High resolution peripheral quantitative computed tomography (HRpQCT) offers detailed bone geometry and microarchitecture assessment, including cortical porosity, but assessing chronic kidney disease (CKD) bone images remains challenging. This proof-of-concept study merges deep learning and machine learning to 1) improve automatic segmentation, particularly in cases with severe cortical porosity and trabeculated endosteal surfaces, and 2) maximize image information using machine learning feature extraction to classify CKD-related skeletal abnormalities, surpassing conventional DXA and CT measures.
We included 30 individuals (20 non-CKD, 10 stage 3 to 5D CKD) who underwent HRpQCT of the distal and diaphyseal radius and tibia and contributed data to develop and validate four different AI models for each anatomical site. Manually annotated cortical bone was used to train each segmentation deep-learning model.
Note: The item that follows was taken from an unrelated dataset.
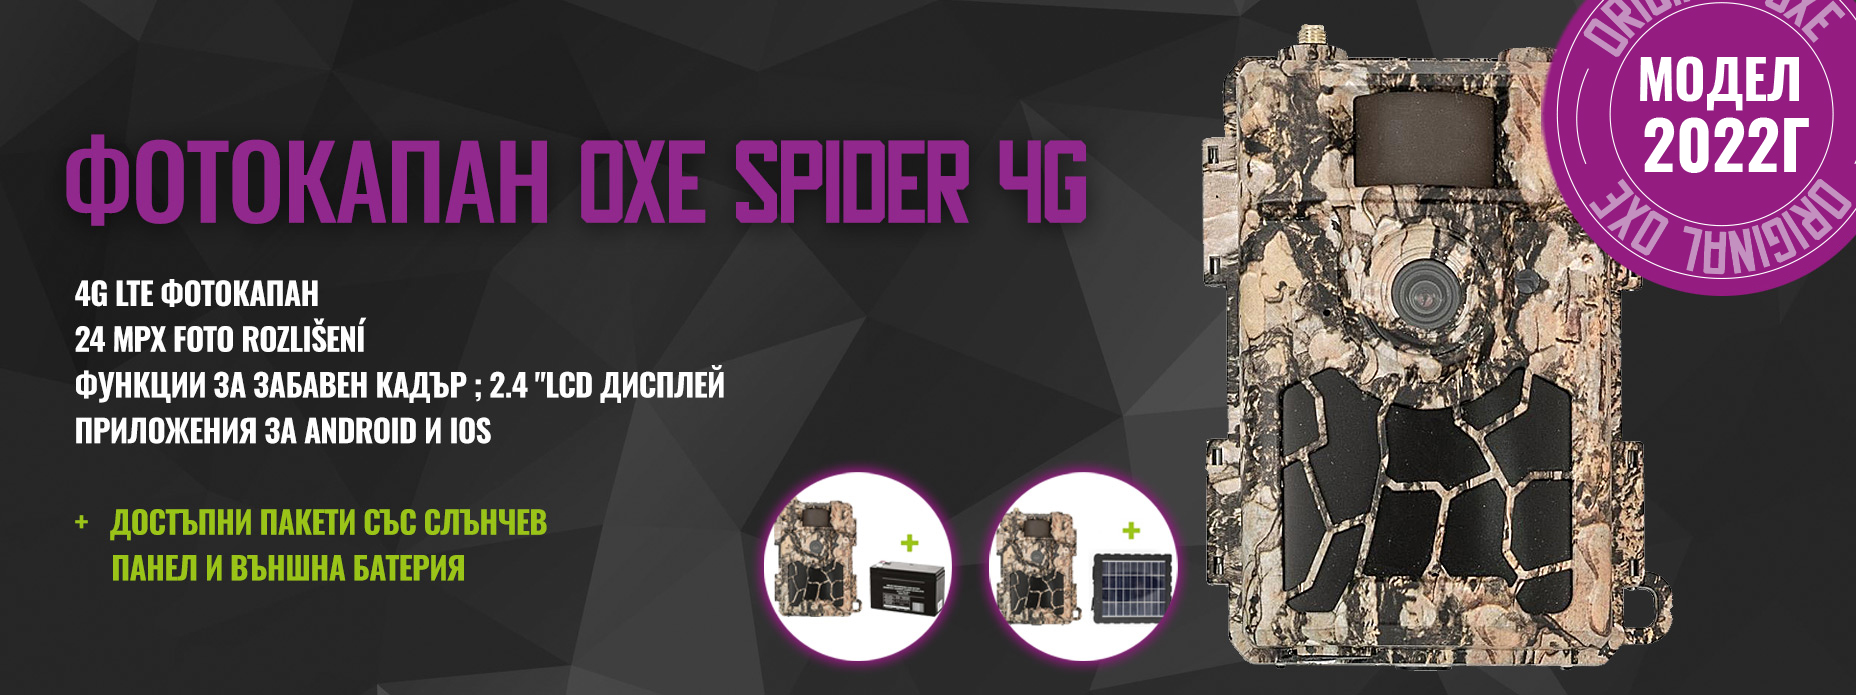 OXE Spider 4G

Textural features were extracted via Gray-Level Co-occurrence Matrix (GLCM) and classified as CKD or non-CKD using XGBoost with each segmentation model. For comparison, manufacturer-supplied segmentation was used to extract cortical geometry, microarchitecture, and finite element analysis (FEA) outcomes. Model performance was confirmed using the test dataset and a separate independent validation cohort which included HRpQCT imaging from 42 additional individuals (18 non-CKD, 24 CKD stage 5D).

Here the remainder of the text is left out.